Recent advancements in automated structure determination methods, such as 'structure mining' and 'cluster mining', have been explored to overcome the challenge of finding suitable starting models for PDF analysis. These methods automate the generation and fitting of thousands of potential structure models, significantly expanding the search space. However, these brute-force approaches are computationally intensive and do not scale well with increasing model complexity. Furthermore, the analysis of the large number of models generated and their respective fits requires extensive manual inspection, introducing potential biases and making it challenging to identify the key structural features driving the fits. This paper aims to overcome these limitations by leveraging explainable machine learning.

Methodology

ML-MotEx employs a four-step process: 1) **Catalogue Generation:** A starting structure model is used to generate a large catalogue of candidate structural motifs by systematically removing atoms. 2) **Fitting:** Each candidate structure's PDF is computed and fitted to the experimental data using a fitting script (here, DiffPy-CMI). 3) **Machine Learning:** The fits (structures and Rwp values) are used to train a Gradient Boosting Decision Tree (GBDT) model using XGBoost. The GBDT learns to predict Rwp values based on the atomic structure model. 4) **SHAP Value Analysis:** SHAP values are calculated for each atom or structural feature, quantifying its importance for the fit quality. The magnitude of the SHAP value indicates importance, while the sign indicates whether the feature improves (negative) or worsens (positive) the fit. Atom contribution values and confidence factors are derived from SHAP values to aid interpretation. The algorithm's scalability is highlighted by comparing its computational time to brute-force methods. Structure permutation, a key aspect of the catalogue generation, involves randomly removing atoms from the starting model to create variations and considers atomic scattering power when selecting atoms for permutation. The distance threshold for removing non-permuted atoms is user-defined and based on expected bond lengths.

Key Findings

ML-MotEx was successfully applied to four examples: 1) **C60 Buckyball (Simulated Data):** The algorithm successfully identified the C60 structure, demonstrating its effectiveness in identifying the correct motif.
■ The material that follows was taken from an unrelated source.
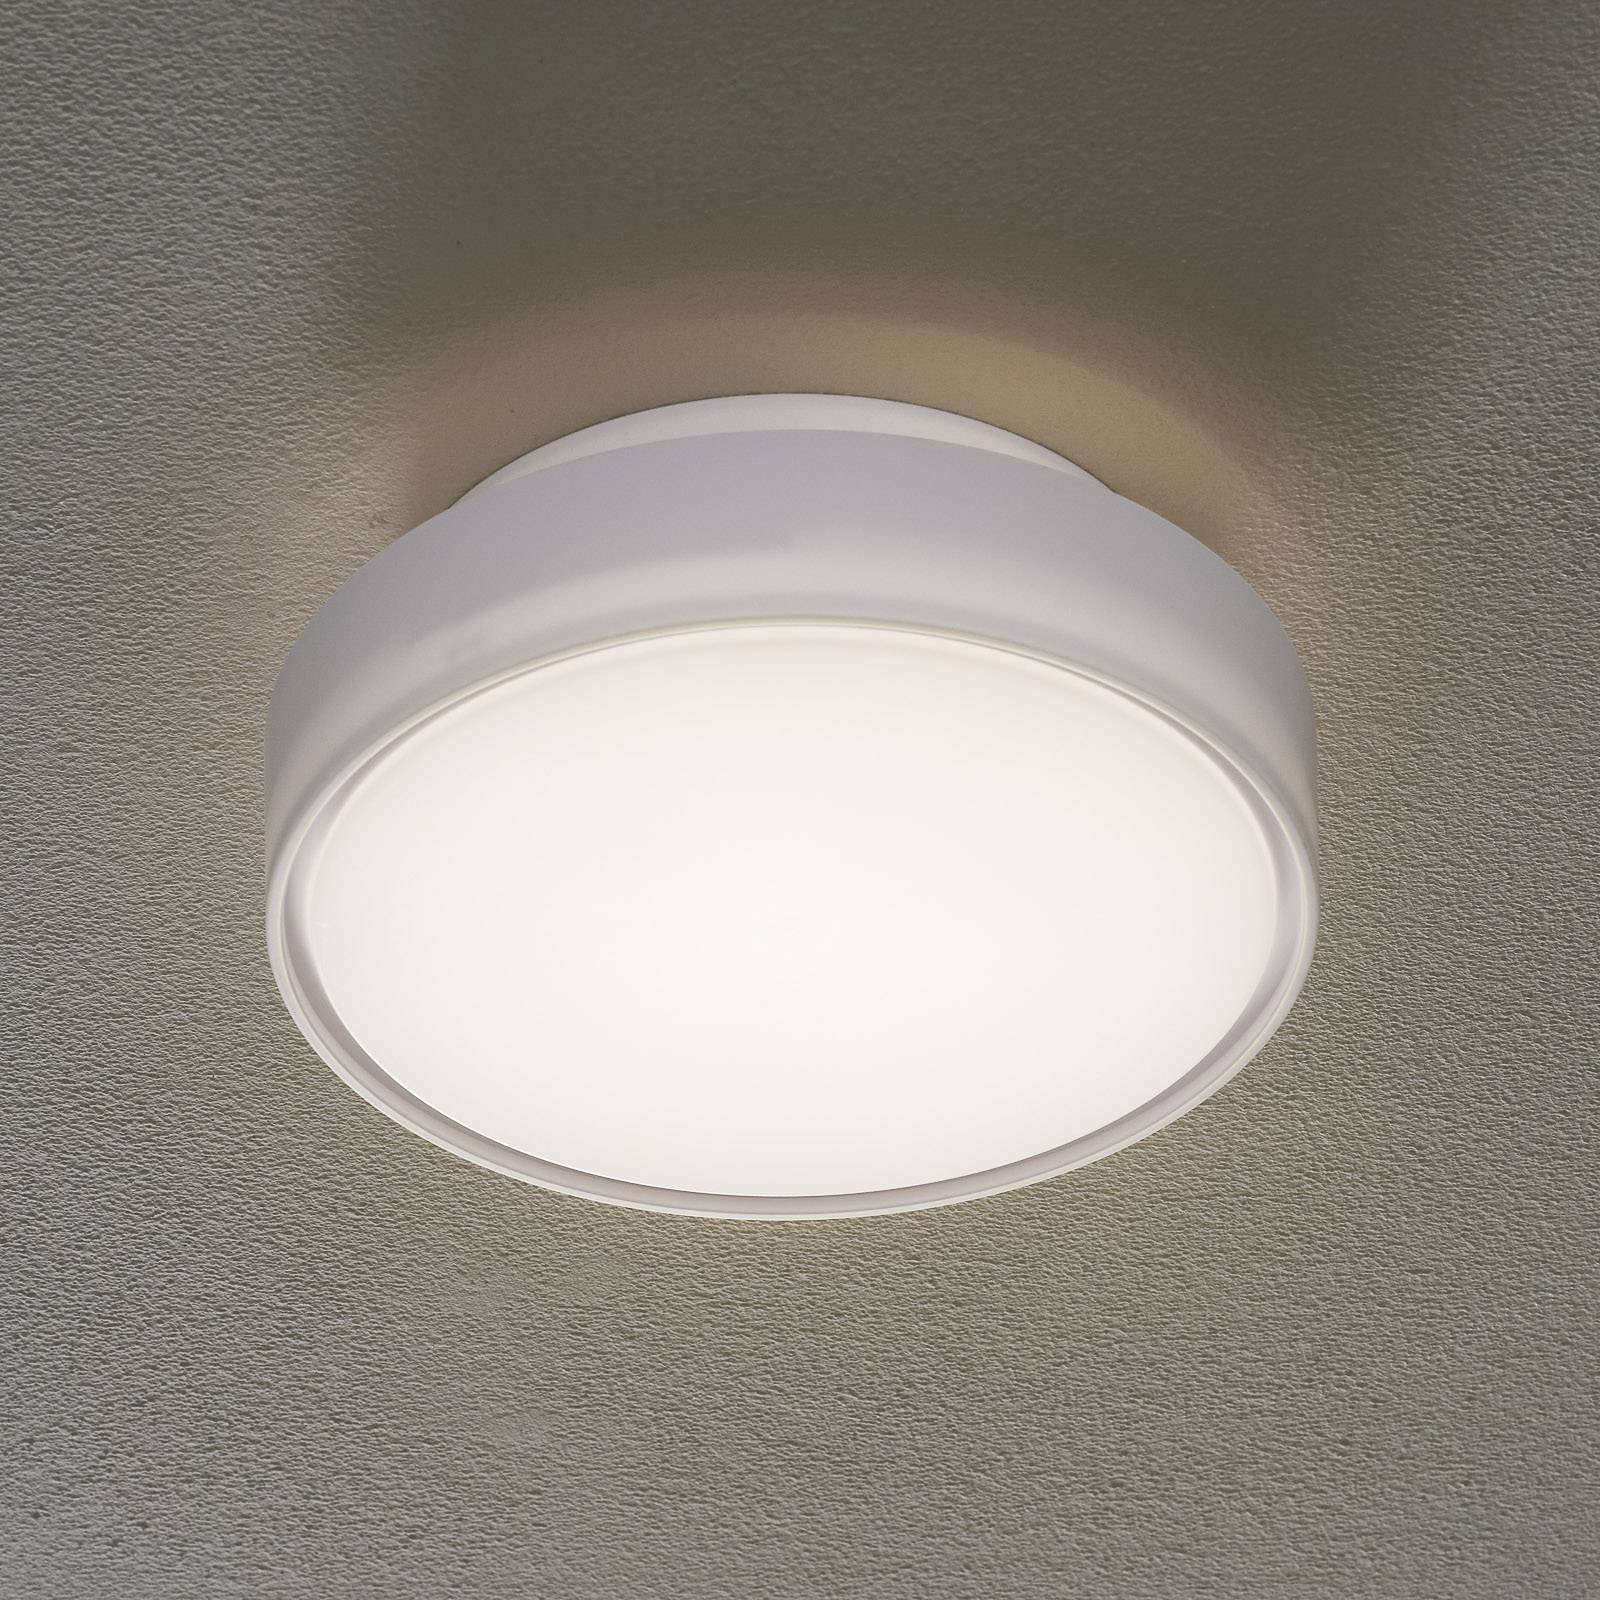 LED-taklampe Hatton IP65 25 cm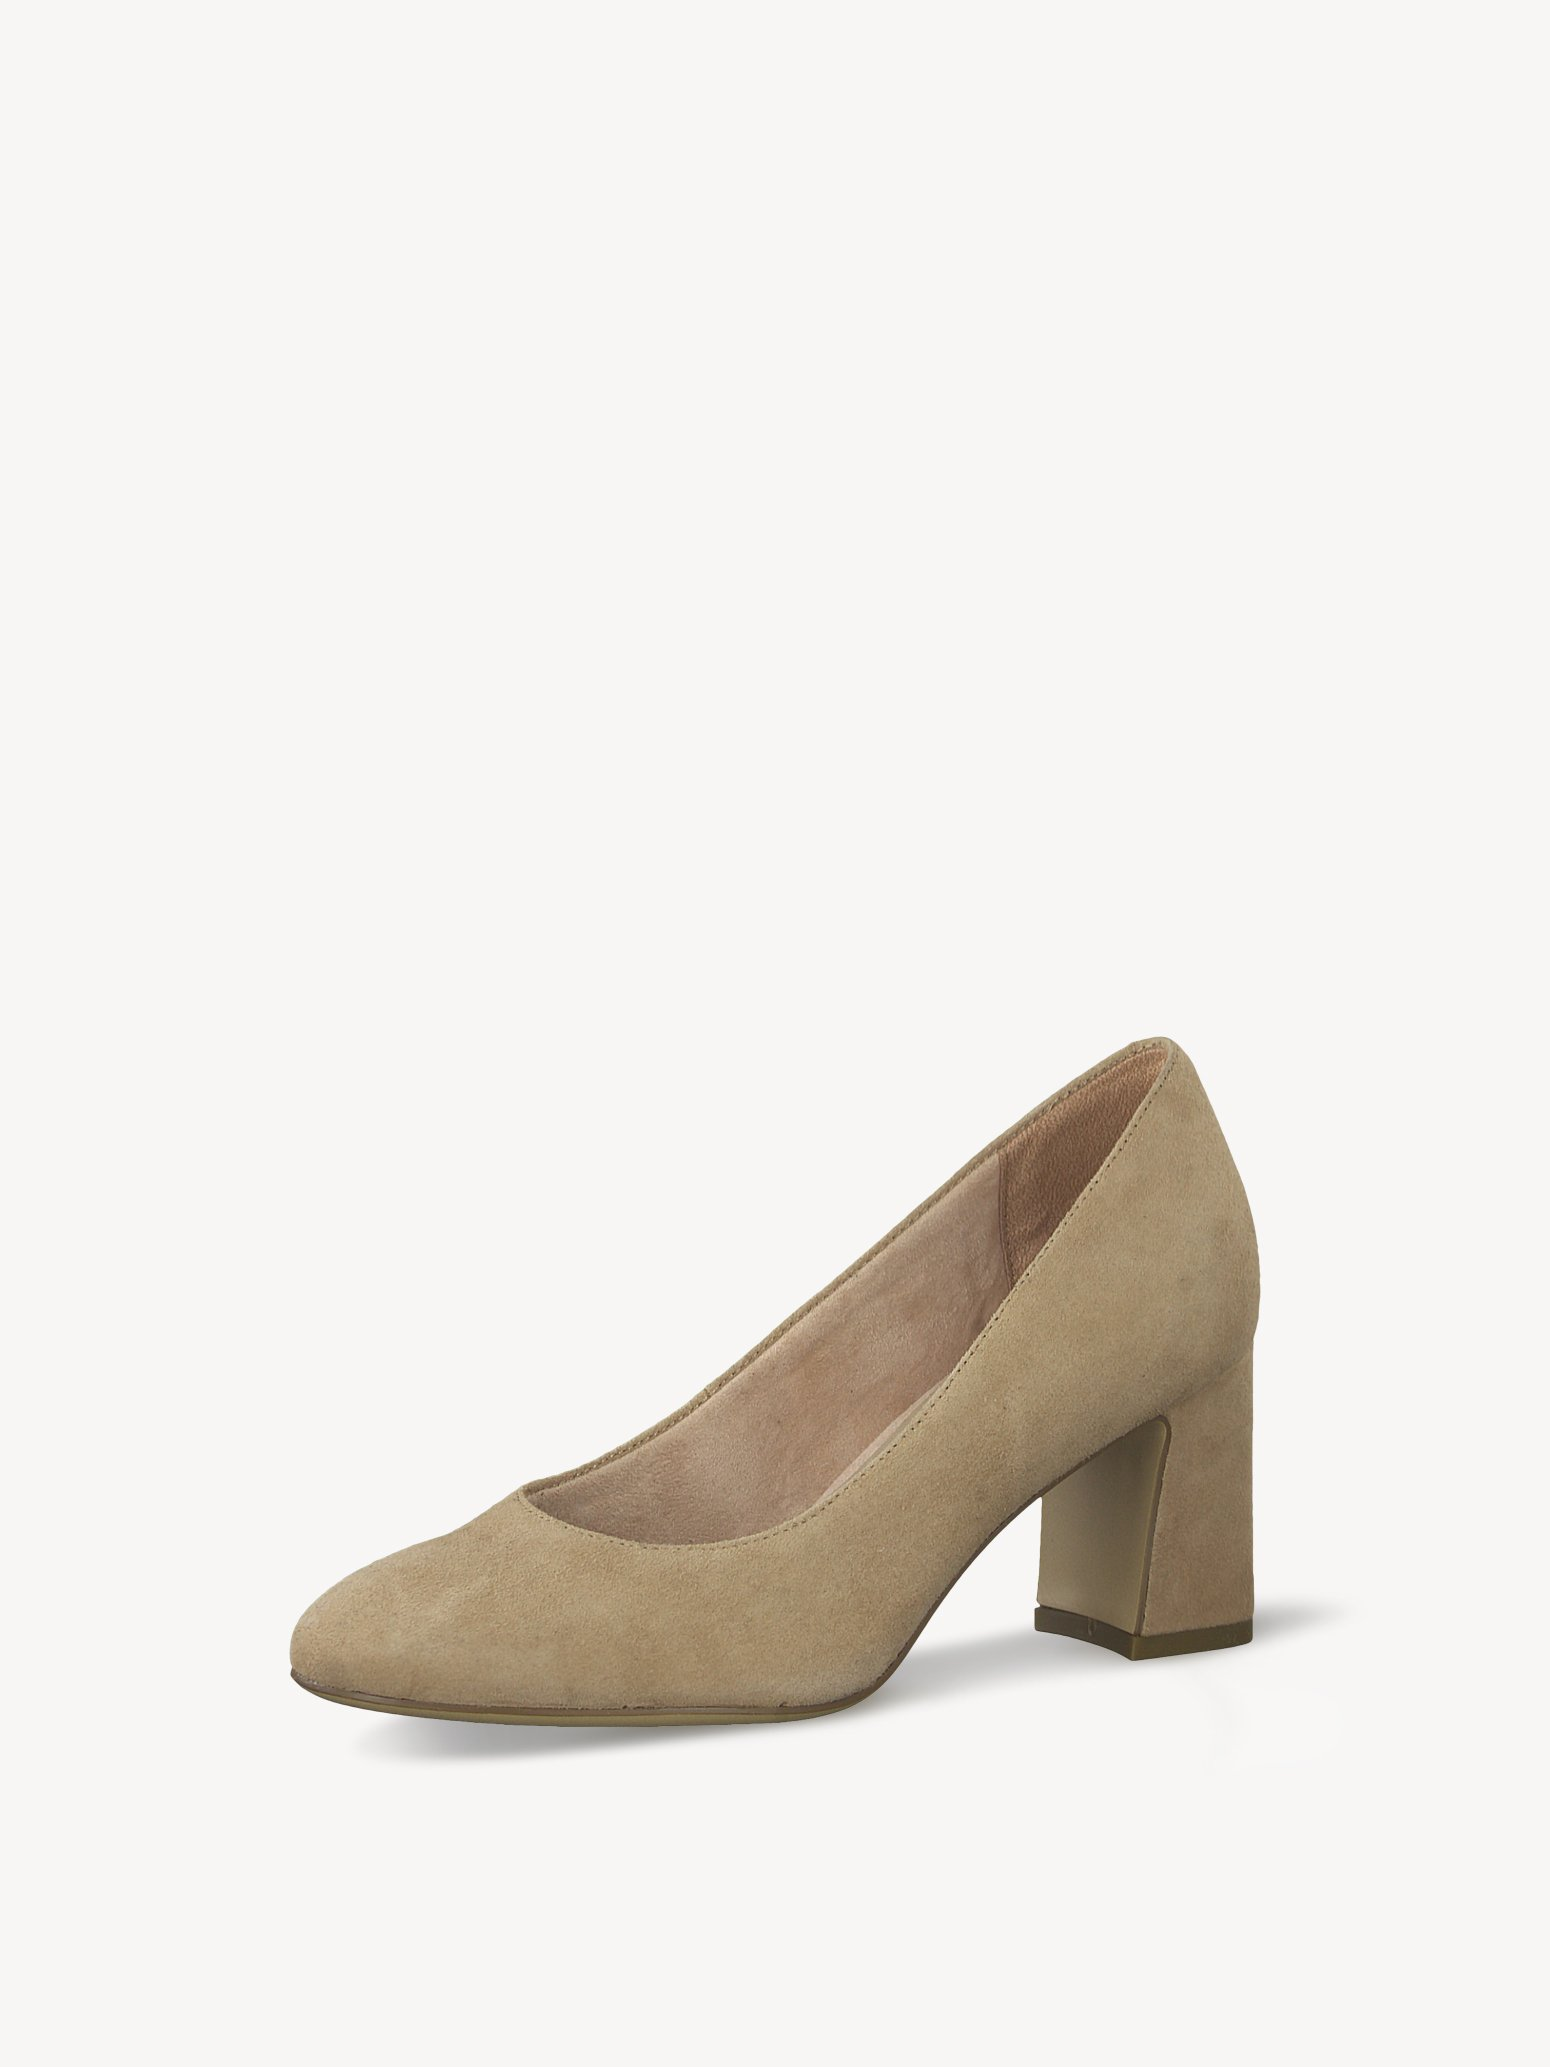 Туфли лодочки Tamaris 1-1-22402-25-252

SHAP analysis showed the number of atoms as the most important feature, and individual atom contribution values accurately highlighted the atoms comprising the C60 structure. 2) **Disordered Molybdenum Oxides (Experimental Data):** ML-MotEx successfully reproduced the finding of a 'triad' motif, composed of three edge-sharing MoO6 octahedra, from previous brute-force analysis, but more efficiently and with quantitative analysis using SHAP values. 3) **Keggin Clusters in Solution (Experimental Data):** Using four different starting models containing the α-Keggin cluster motif, ML-MotEx consistently identified the key structural motif. Minor variations were observed depending on the starting model complexity, highlighting some sensitivity to the initial model. The scalability of ML-MotEx is evident by the comparison to the computational time of brute-force methods. 4) **Bi38O45 Cluster (Experimental Data & Cookie-cutter Approach):** A 'cookie-cutter' strategy was used for generating the structure catalogue, demonstrating the adaptability of ML-MotEx. The results demonstrated the reproducibility and robustness of the ML-MotEx method, even with different starting models containing the target structural motif.

Discussion

ML-MotEx offers a significant advance over traditional PDF analysis by providing a quantitative measure of each atom's contribution to the overall fit quality, unlike traditional methods that only assess the overall fit of the entire model. The use of explainable ML allows for a more comprehensive understanding of the structural features contributing to the goodness-of-fit. The method's speed and scalability greatly exceed brute-force approaches, enabling the analysis of larger and more complex systems, including time-resolved experiments. Although ML-MotEx requires a starting model containing the target motif, the results show its robustness and ability to extract the correct motif even with varied starting models. The confidence factor helps assess the reliability of the identified motifs. The method's potential for integration with other structural screening tools like structureMining is suggested. The limitation of requiring a starting model that contains the target motif is mitigated by the use of chemical/structural intuition, commonly utilized within the chemistry community. The overall method allows for faster, more unbiased, and insightful analysis of PDF data compared to traditional approaches.

Conclusion

This work introduces ML-MotEx, a novel method leveraging explainable machine learning to extract structural motifs from PDF data. The method successfully identifies key structural features in various nanostructured materials, exceeding the computational efficiency and providing better interpretability than traditional brute-force approaches. Future directions include extending the method to other scattering techniques and integrating it with automated structure prediction tools. The method's speed and scalability suggest it will be a valuable tool for analyzing time-resolved scattering data and characterizing complex nanomaterials.

Limitations

While ML-MotEx significantly improves the efficiency and interpretability of PDF analysis, some limitations exist. The method requires a starting model that contains the target motif, which necessitates some prior chemical/structural knowledge. While the confidence factor helps assess the reliability of results, mislabelled atoms can sometimes occur in complex starting models. Furthermore, the current implementation is tailored to PDF data, though adapting the method to other techniques is a promising future direction.

Related Publications

Explore these studies to deepen your understanding of the subject.

Computer Science

Reliability of Supervised Machine Learning Using Synthetic Data in Health Care: Model to Preserve Privacy for Data Sharing

D. Rankin, M. Black, et al.

Medicine and Health

Improved metabolomic data-based prediction of depressive symptoms using nonlinear machine learning with feature selection

Y. Takahashi, M. Ueki, et al.

Medicine and Health

Predictive model of castration resistance in advanced prostate cancer by machine learning using genetic and clinical data: KYUCOG-1401-A study

M. Shiota, S. Nemoto, et al.

Engineering and Technology

Identifying degradation patterns of lithium ion batteries from impedance spectroscopy using machine learning

Y. Zhang, Q. Tang, et al.

Listen, Learn & Level Up

Over 10,000 hours of research content in 25+ fields, available in 12+ languages.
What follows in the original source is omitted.